I attended the Salt Lake Institute of Genealogy from January 11-15, 2010. My track was Dr. John Colletta's course: “ Producing a Quality Family History.” I enjoyed his course. He is charming and the course was wonderful. In the past, I have taken his classes at local all day Genealogy Seminars in Southern California and enjoyed his presentations immensely. I was thrilled to have the pleasure to take a class from him for a whole week. Dr. Colletta did not present his class last year so I jumped at the chance of being able to enroll this year and it met all of my expectations and then some.
His style of teaching is unique. He has you write your story from a historical context. Colletta used excerpts from his book, Only a Few Bones to demonstrate techniques for putting the story in the historical context. Colletta recommends using the five senses: touch, taste, sight, hearing, and smell into your story and “hooking” the reader with a catchy title and gripping opening sentence.
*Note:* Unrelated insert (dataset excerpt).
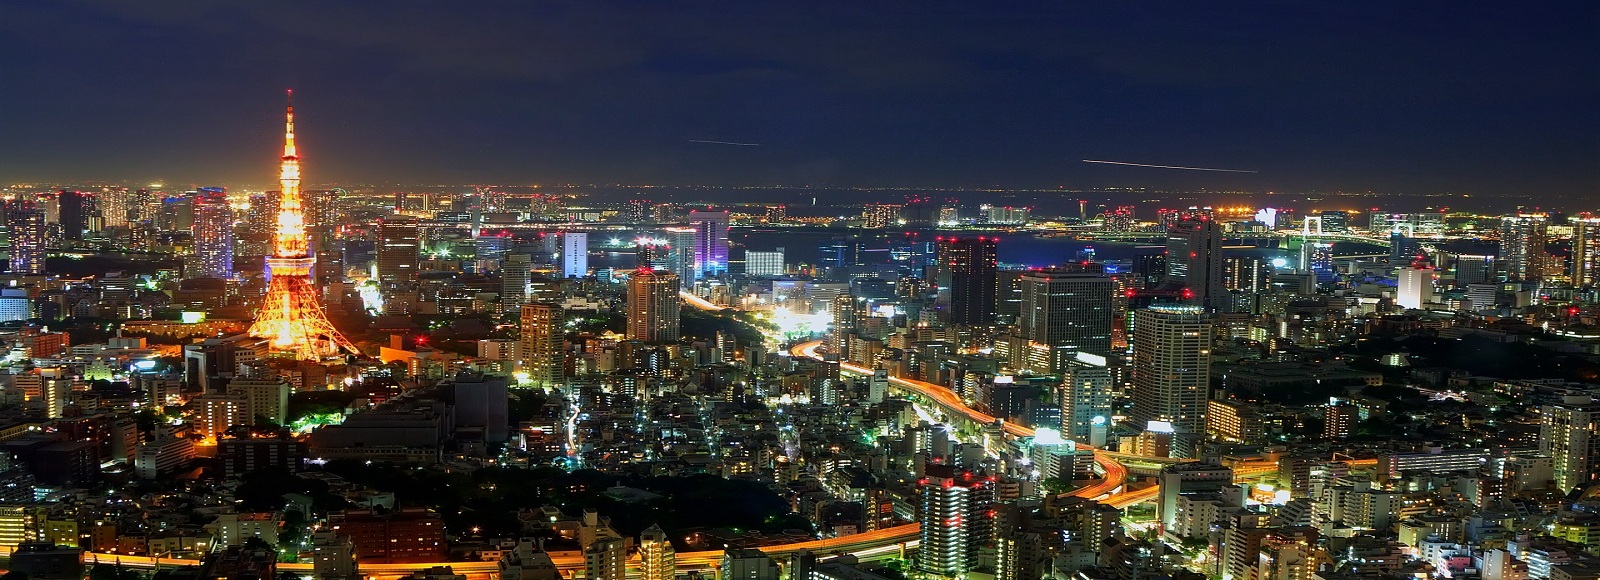 Ofertas de Traslados en Tokio. Traslados económicos en Tokio

His principles of good story writing include: "Using strong verbs, effective adjectives, keeping the ancestor at ‘center stage’, and using vivid descriptions to conjure images in the reader’s mind". One example he used was writing a story from a two sentence marriage announcement in a Vicksburg newspaper from the 1860. He turned those lines into a complete true, historical context by using maps, weather, addresses, and names.
A sample newspaper article below depicting local events
For example, I’ve found my Aurora, Illinois Nancy Hansen mentioned in the Aurora Beacon News and also found my Linden Family in the Luxembourger Gazette. These were people who were living lives that were not particularly noteworthy.
In another class, Colletta discussed the importance of finding a theme in the events of our ancestors’ lives and shaping our narrative around this theme. We discussed typical story themes: "ambition, hardship, nonconformity, migration, sacrifice" and examined potential themes in the lives of Colletta’s ancestors. Venues and suggestions were given for presenting family history stories: vignettes, mini narratives, the “big” family history book, as booklets for Christmas to our relatives.
We were assigned a four paragraph in-class writing assignment. It was a priviledge to complete the story on my ancestor, Reinhardt Fermazin and an honor to have John Colletta critique my story.
This was truly a wonderful week long seminar and a priviledge learn from such an esteemed person as John Colletta PhD. I would highly recommend this week long seminar to all family history historians. I only hope I can become a better writer/blogger.
I plan to post my story, Wanderlust, in a few days on my blog.